In case you don’t know, their breakthrough single “Come and Get It” was written by Paul McCartney. The Beatles didn’t abandon them after the Fabs split up. In fact, George Harrison even produced their biggest hit, “Day After Day.”

However, the singer and songwriter Pete Ham killed himself in 1975 and that’s when the band broke up. They reunited with a new lineup in the late ’70s for a couple more records, but disbanded again a few years later. Going back to when they are still in their peak, here’s the list of their top 10 songs.

10. “Meanwhile Back at the Ranch / Should I Smoke”
Not too many people heard this because it was pulled out less than two months after its release because Badfinger’s managers and their label’s publishing firm were feuding. Too bad, because it is one of their strongest and album tracks.

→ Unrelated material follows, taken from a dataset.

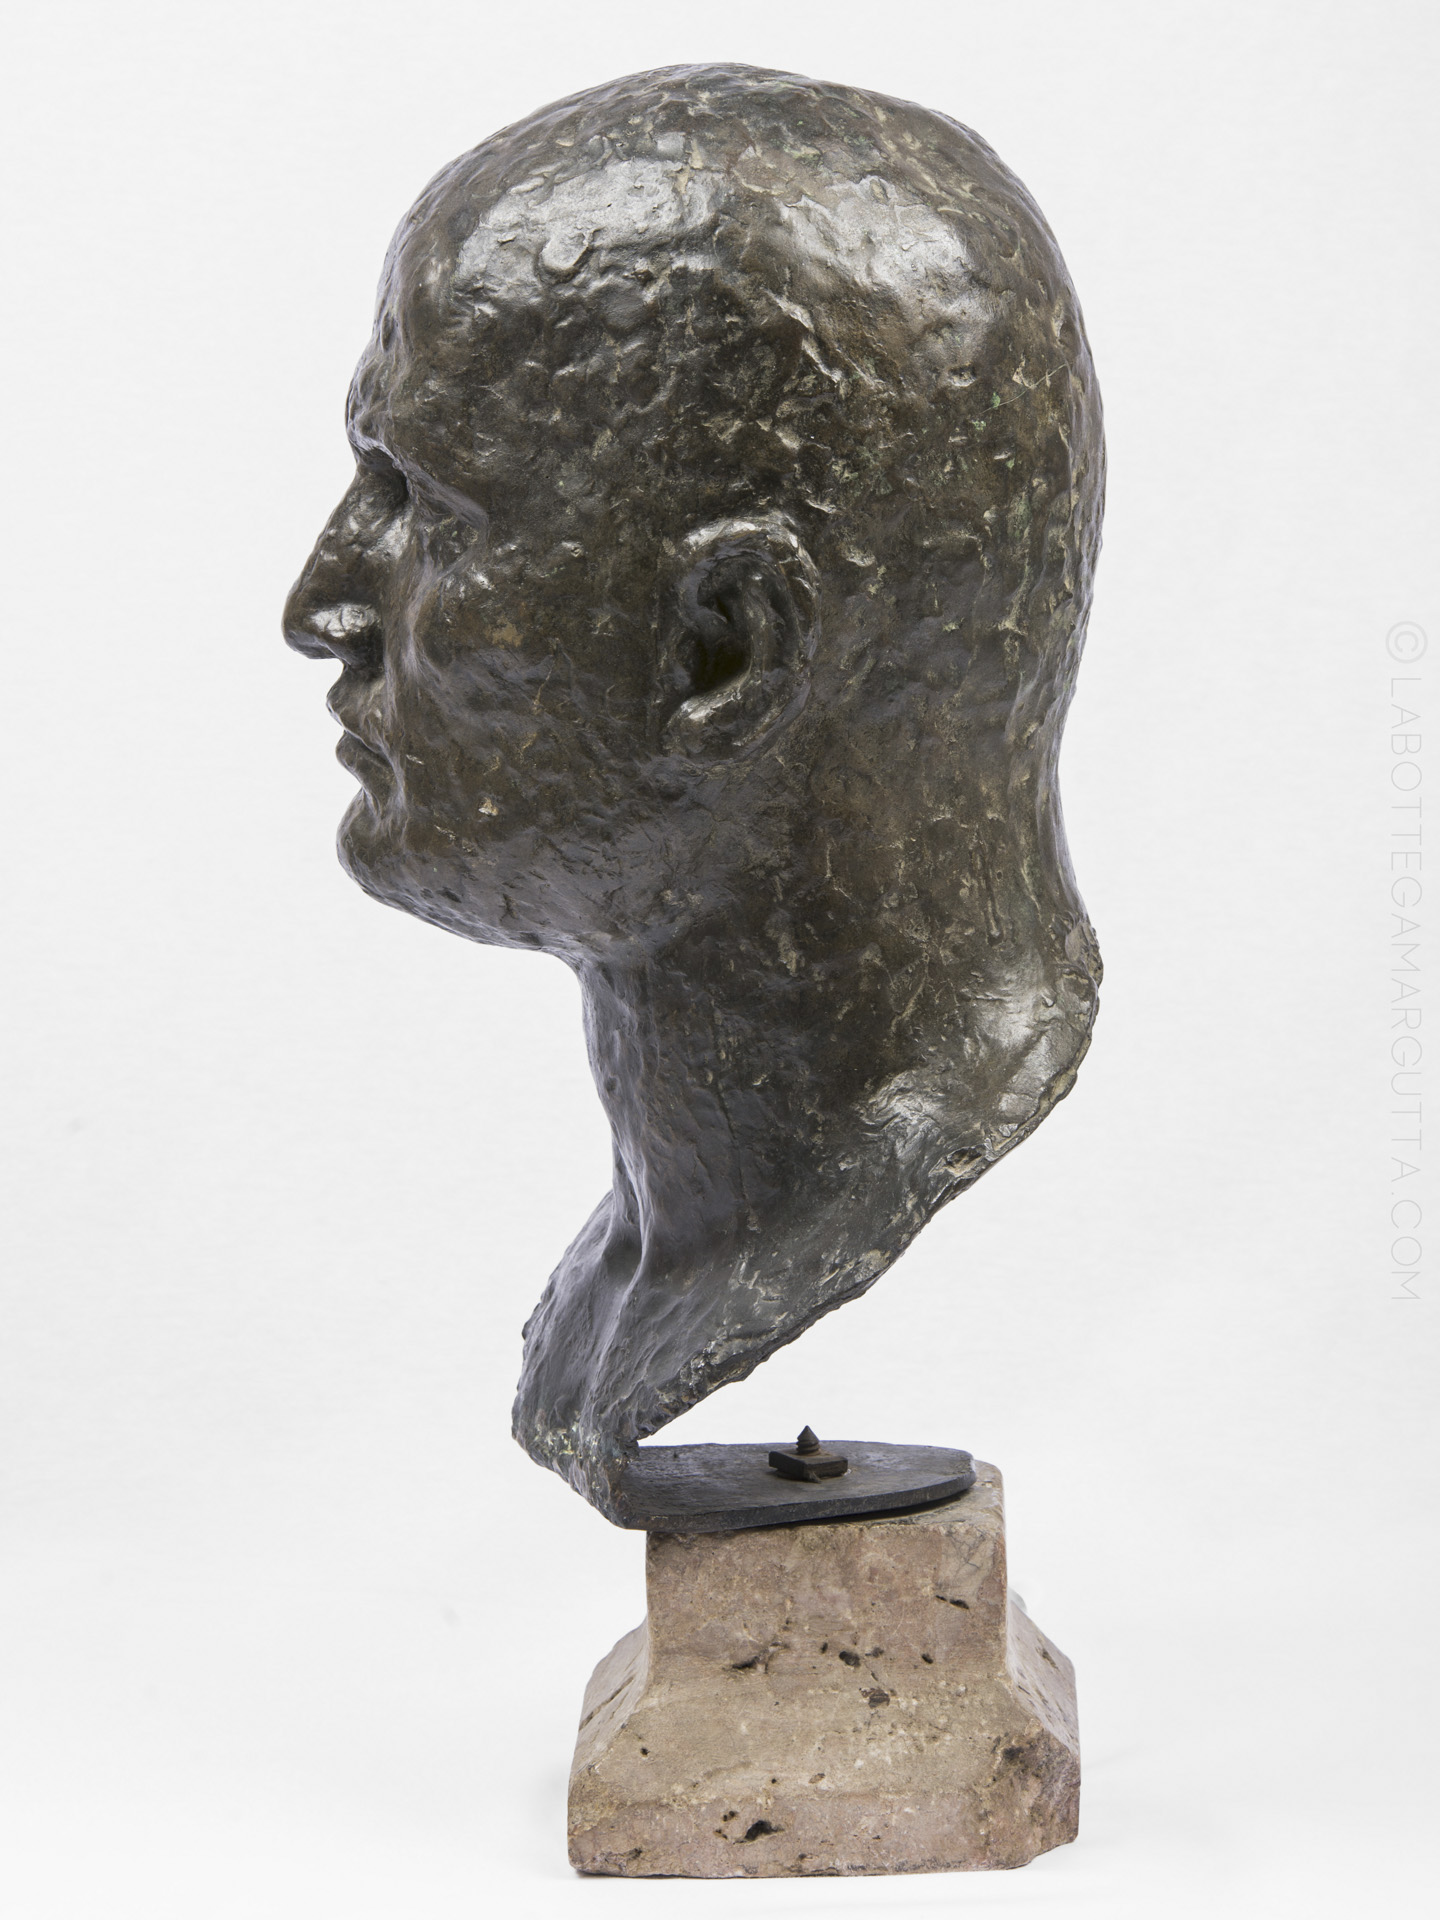 Oggettistica, Busto Mussolini in bronzo

9. “Love Is Gonna Come at Last”
From: Airwaves (1979)
Following Pete Ham’s death in 1975, Badfinger called it quits. Four years later, led by the group’s other singer and songwriter Tom Evans, they regrouped and released a new album which includes this song.

8. “Hold On”
From: Say No More (1981)
Evans, along with longtime member Joey Molland, tried one final time to lift the reunited Badfinger off the ground. “Hold On” managed to climb to No. 56, their best showing in almost a decade. But it didn’t last. The album stiffed, and Evans took his own life in 1983 at the age of 36.

7. “Maybe Tomorrow”
From: Maybe Tomorrow (1969)
This is a Beatlesque slice of British pop that managed to make it to No. 67 on the U.S. chart. A year later, the band returned with a new name.

6. “Apple of My Eye”
From: Ass (1973)
Badfinger’s last charting single to feature Ham is all about the group’s impending move to a new record label, which was offering them more money. Turns out they made the right decision: The bittersweet “Apple of My Eye” was the last single released by Apple that wasn’t by a former Beatle.

5. “Baby Blue”
From: Straight Up (1971)
The group and Apple’s relationship weren’t all that great at that time, but still managed to create some lovely songs like “Baby Blue” among all the chaos.

4. “Without You”
From: No Dice (1970)
We still think Nilsson’s version is the definitive one because he took it to No. 1 in 1971, but Badfinger’s more restrained original record a year earlier hits all the right emotional notes. A quiet gem.

3. “No Matter What”
From: No Dice (1970)
It is one of pop’s all-time mightiest hooks. From the terrific opening riff to the false ending, it’s pure pop heaven. But more than anything, “No Matter What” proved that Badfinger could write a great Beatles-like song without their mentors’ help.

2. “Day After Day”
From: Straight Up (1971)
Their biggest hit, “Day after Day,” was produced by George Harrison and features his distinctive guitar playing. Harrison was supposed to work on their third album, but then the Bangladesh flood happened and he turned the bulk of his attention to relief efforts via a benefit concert. With a deadline looming, Apple brought in Todd Rundgren to work behind the boards.

1. “Come and Get It”
From: Magic Christian Music (1970)
Probably the highlight of this record, and the main reason it even exists, is that Paul McCartney penned it and it reached no. 7 in the charts.